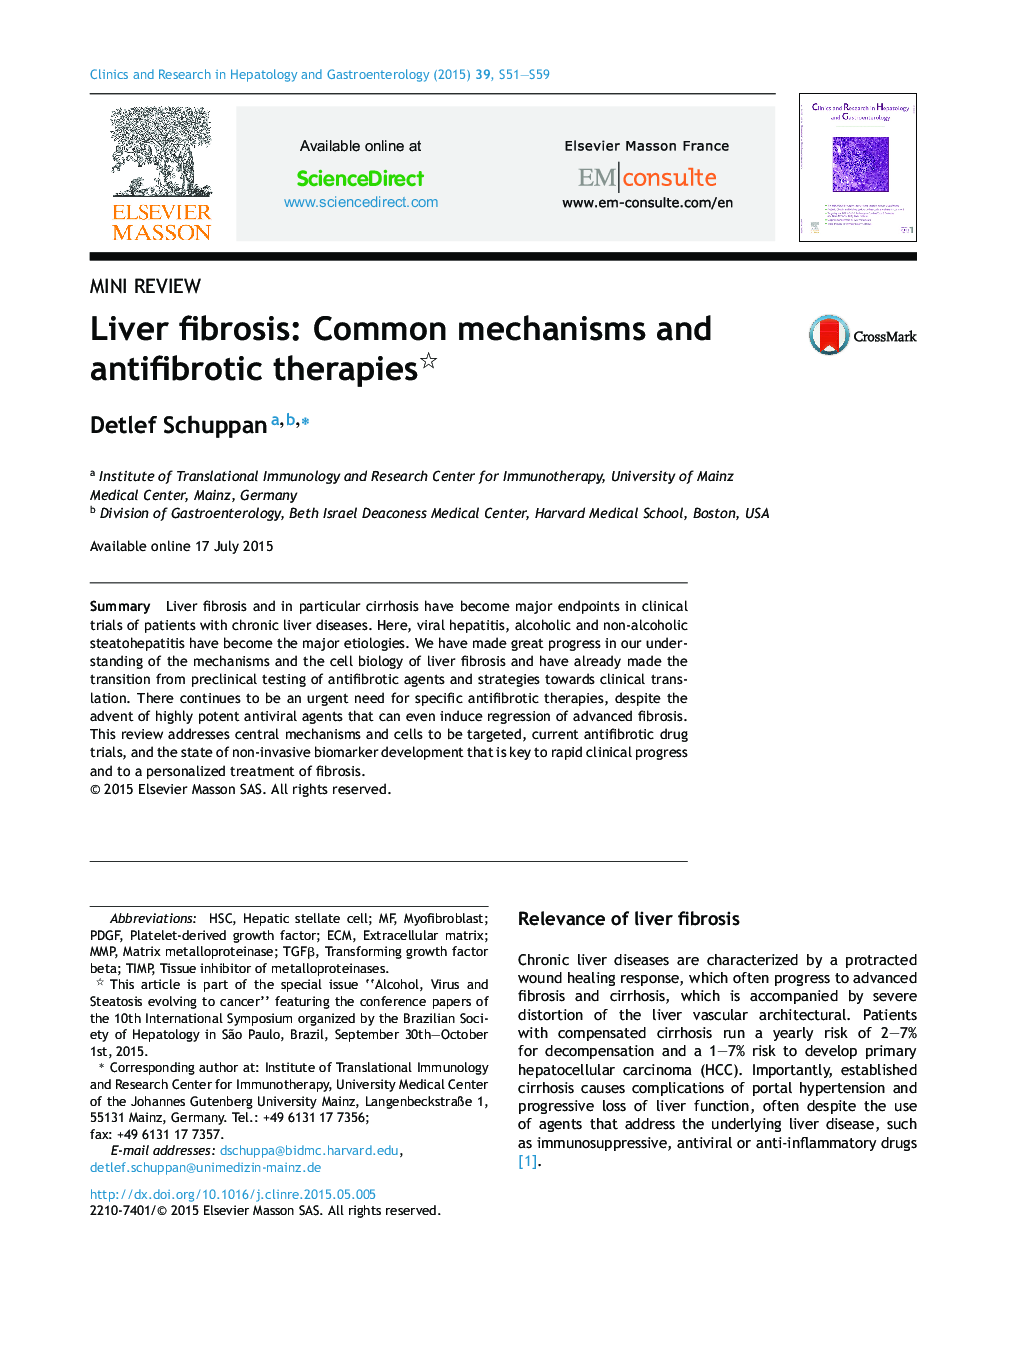 Liver fibrosis: Common mechanisms and antifibrotic therapies 
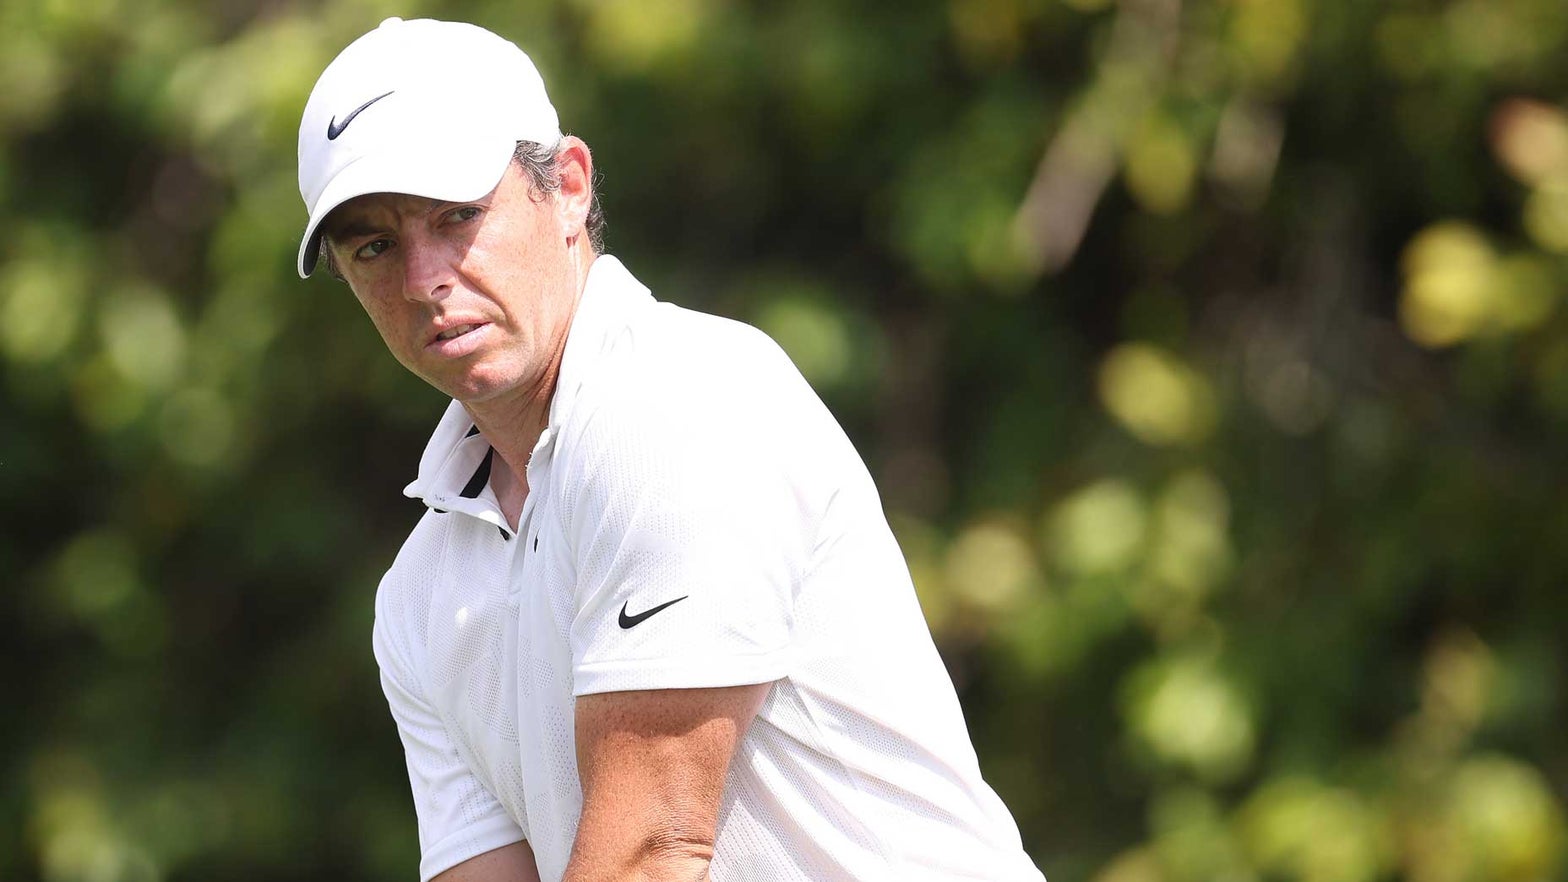 Rory McIlroy has an intriguing concept for future PGA Tour occasions
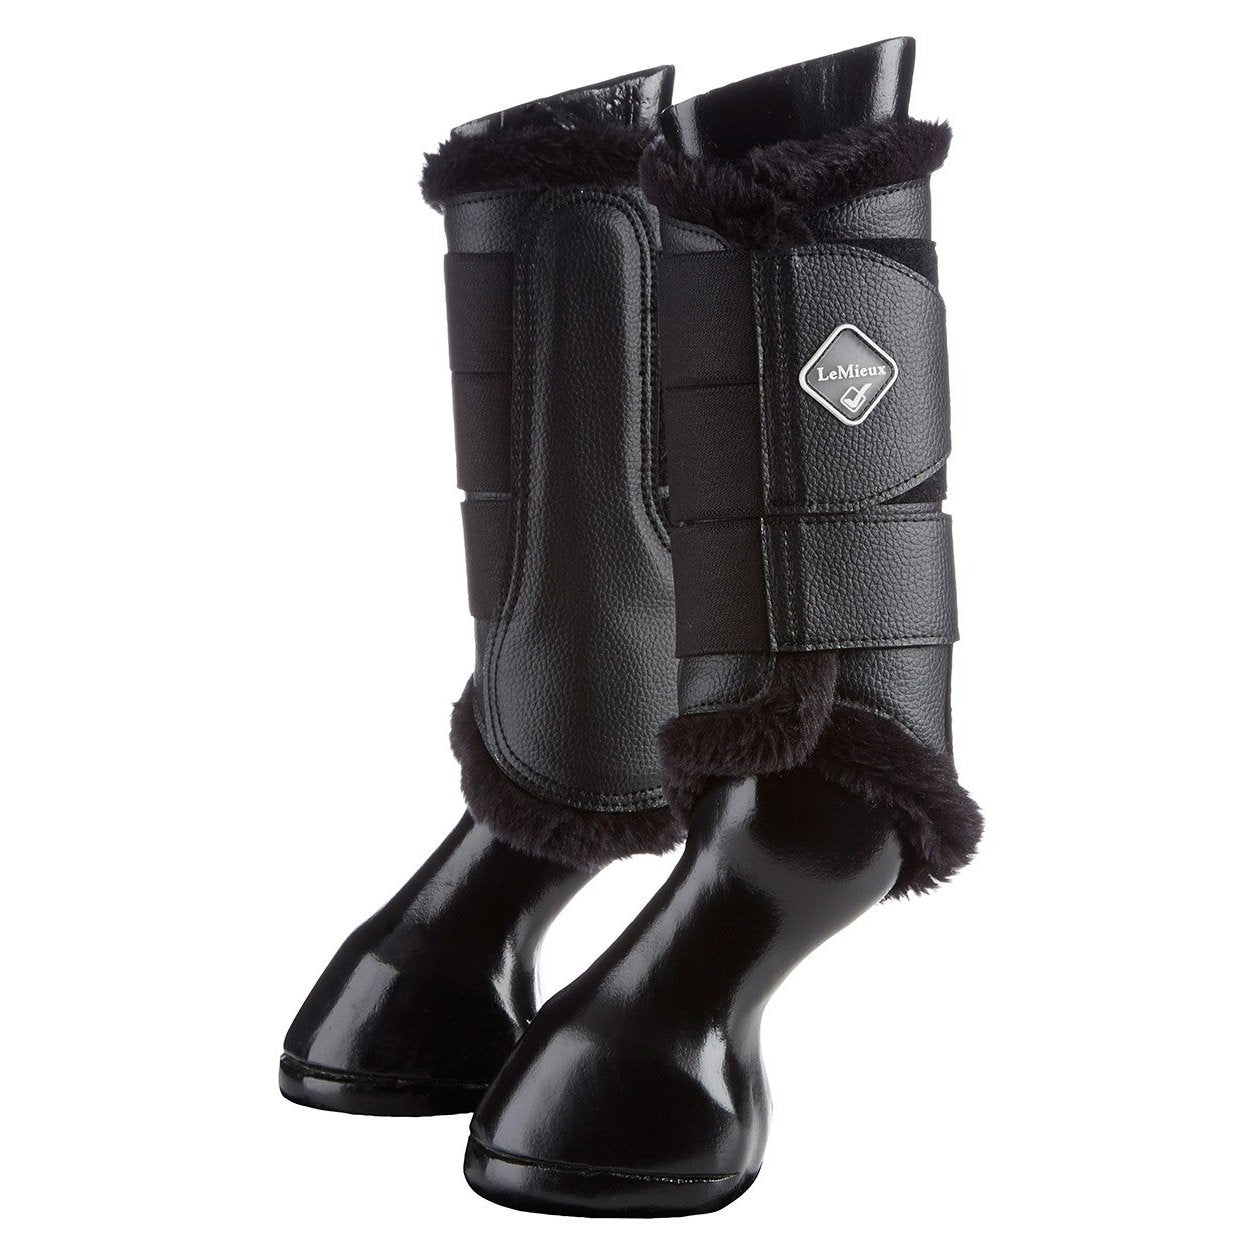 tendon boots for horses
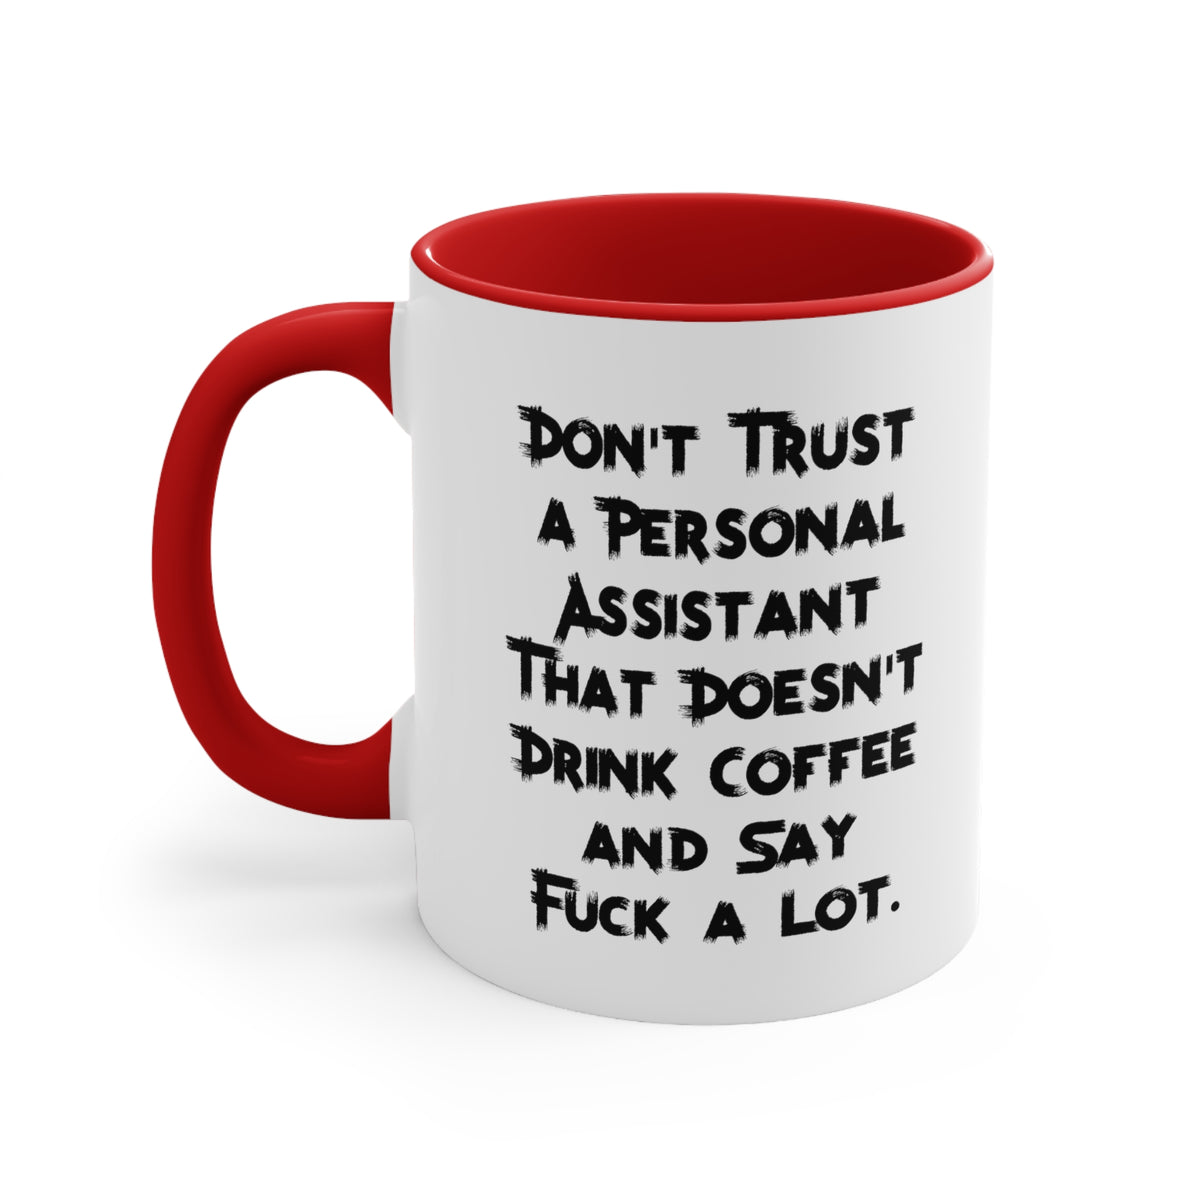 Don't Trust a Personal Assistant That Doesn't Drink. Personal assistant Two Tone 11oz Mug, Epic Personal assistant, Cup For Coworkers

#### Task description:
Leave the pictures out and return the rest of the material exactly.

#### The answer:
 Liver fibrosis: Common mechanisms and antifibrotic therapies 
 Rory McIlroy has an intriguing concept for future PGA Tour occasions
 tendon boots for horses
 Don't Trust a Personal Assistant That Doesn't Drink. Personal assistant Two Tone 11oz Mug, Epic Personal assistant, Cup For Coworkers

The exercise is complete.